Halogen lights are a form of incandescent that burns longer and brighter than traditional incandescent lights thanks to halogen gas. Halogen lights create a slightly whiter color and are about 30% more efficient, but they are much hotter to the touch and more expensive.


Next, there are fluorescent lights, or compact fluorescent lights. These are about 75% more efficient than incandescent bulbs, but they are temperature-sensitive and contain mercury.


Lastly, gaining in popularity, are LED (light emitting diode) lights. They are the most energy efficient, have higher lumen ratings, and are the most versatile. Not only do they have great light quality but also a great dimming response and color rendering.

Smart Bulb Options

In addition to LED bulbs, another popular choice for modern lighting is smart bulbs. Smart bulbs are LED bulbs that can connect to your home's Wi-Fi network and be controlled remotely through a smartphone app or a voice assistant like Amazon Alexa or Google Assistant . Here are some key features and benefits of smart bulbs:


Remote control:
With smart bulbs, you can control your lighting from anywhere using your smartphone or tablet. This allows you to turn the lights on or off, adjust their brightness, or even change their color without being physically present in the room. It's convenient and adds a level of flexibility to your lighting setup.

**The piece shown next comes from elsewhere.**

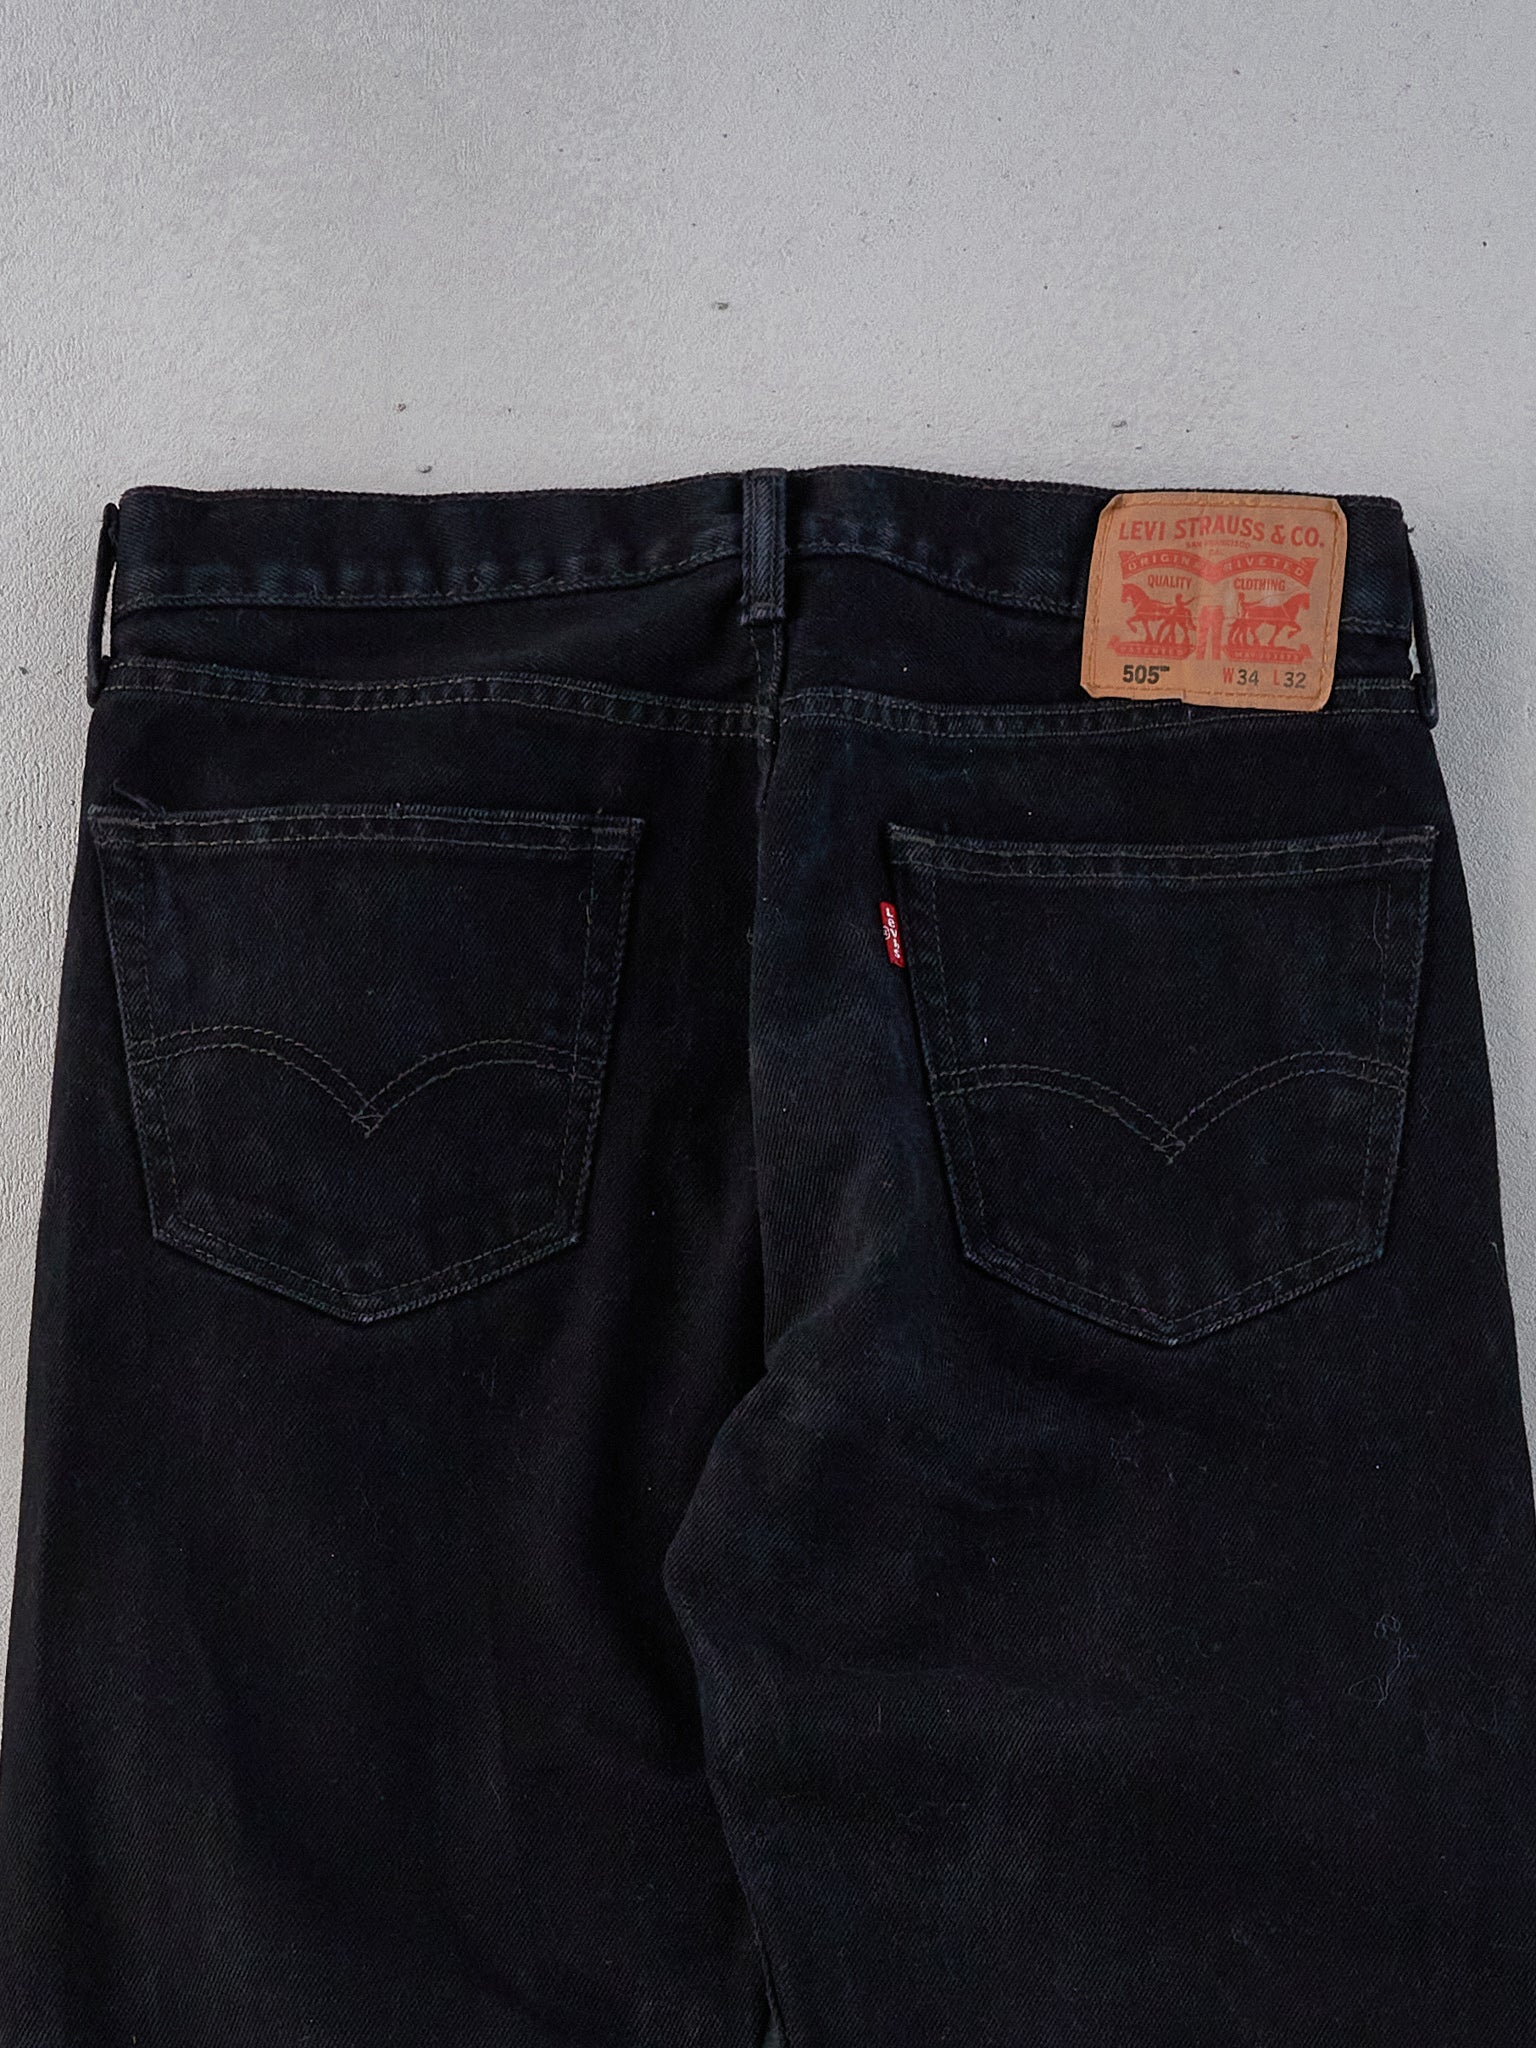 Vintage 90s Black Levi's 505 Denim Jeans (34x31)

Smart bulbs often come with a range of customization options. You can adjust the color temperature of the bulbs to create different moods or set up lighting schedules to automatically turn the lights on or off at specific times. Some smart bulbs even offer features like color-changing options, allowing you to set vibrant or soothing colors to match your preference or the occasion.


Integration with smart home systems:
Smart bulbs can seamlessly integrate with other smart home devices and systems. For example, you can connect them to a smart home hub or use them in conjunction with other smart devices like motion sensors or door/window sensors. This integration enables advanced automation, such as automatically turning on the lights when you enter a room or syncing the lighting with other smart devices for enhanced home security or entertainment experiences.

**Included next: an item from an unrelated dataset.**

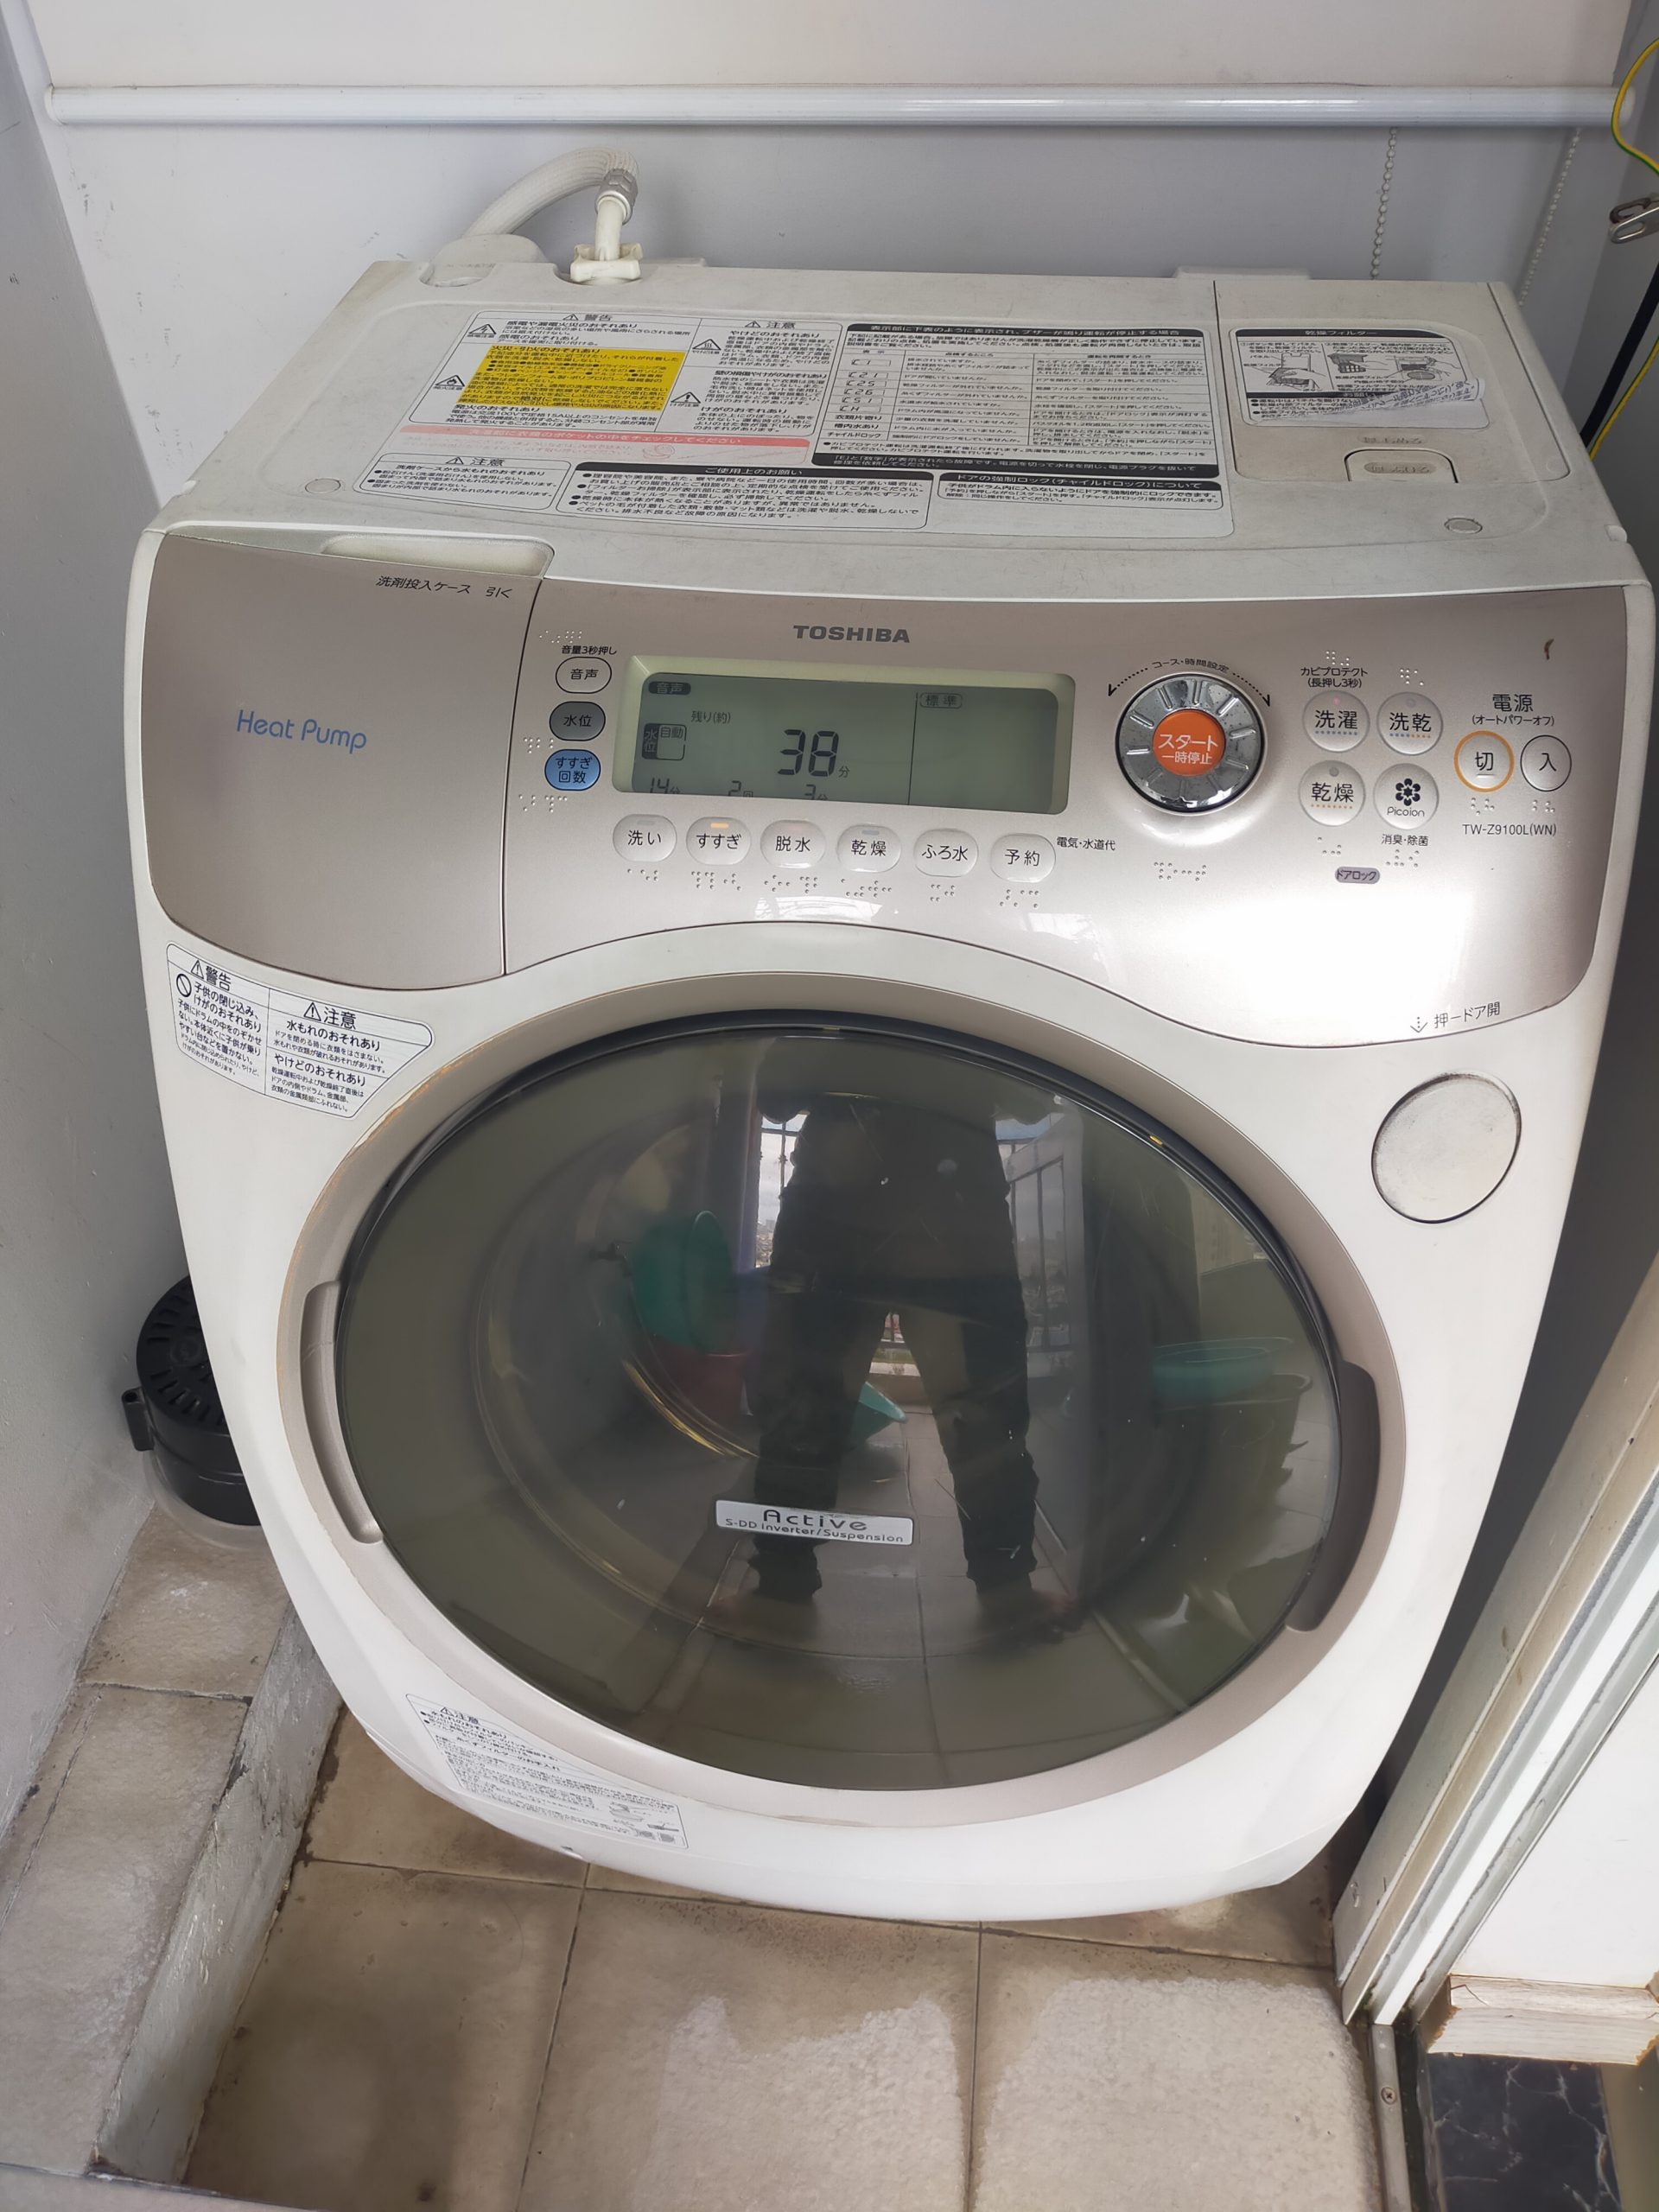 Lỗi H71 máy giặt toshiba nội địa

Energy efficiency and cost savings:
Like standard LED bulbs, smart bulbs are energy-efficient and consume less electricity compared to traditional incandescent or fluorescent bulbs. They can be programmed to turn off when not in use or dimmed to reduce energy consumption, which can result in cost savings over time.


Voice control:
Many smart bulbs are compatible with voice assistants like Amazon Alexa, Google Assistant, or Apple HomeKit. This means you can control your lights using voice commands, offering a hands-free and convenient way to adjust your lighting.

It's worth noting that smart bulbs usually require a stable Wi-Fi connection and a compatible smartphone or smart home hub to take advantage of their features. Additionally, they may be slightly more expensive upfront compared to standard LED bulbs. However, the added convenience, customization options, and energy efficiency benefits make smart bulbs a popular choice for those seeking a modern lighting solution

Light Bulb Sizes And Bases

Light bulb codes will identify light bulbs with a letter or series of letters to indicate shape and special features and a number to indicate the size of the base.

  • Letter ‘A’ indicates the standard household shape.
  • Letter ‘’C’ indicates the candle shape.
  • Letter ‘R’ indicates the reflector type, a special feature.
  • Letters ‘MR’ indicate a multi-faceted reflector or quartz reflector lamp.
  • Letters ‘PAR’ indicate a parabolic aluminized reflector.
  • Letter ‘G’ indicates the globe shape.
  • Letter ‘T’ indicates the tubular shape.

A light bulb code of A19 would indicate the standard household shape with a base of 19/8ths of an inch.

Light bulb base codes are similar with a letter indicating the shape of the base and a number indicating the size.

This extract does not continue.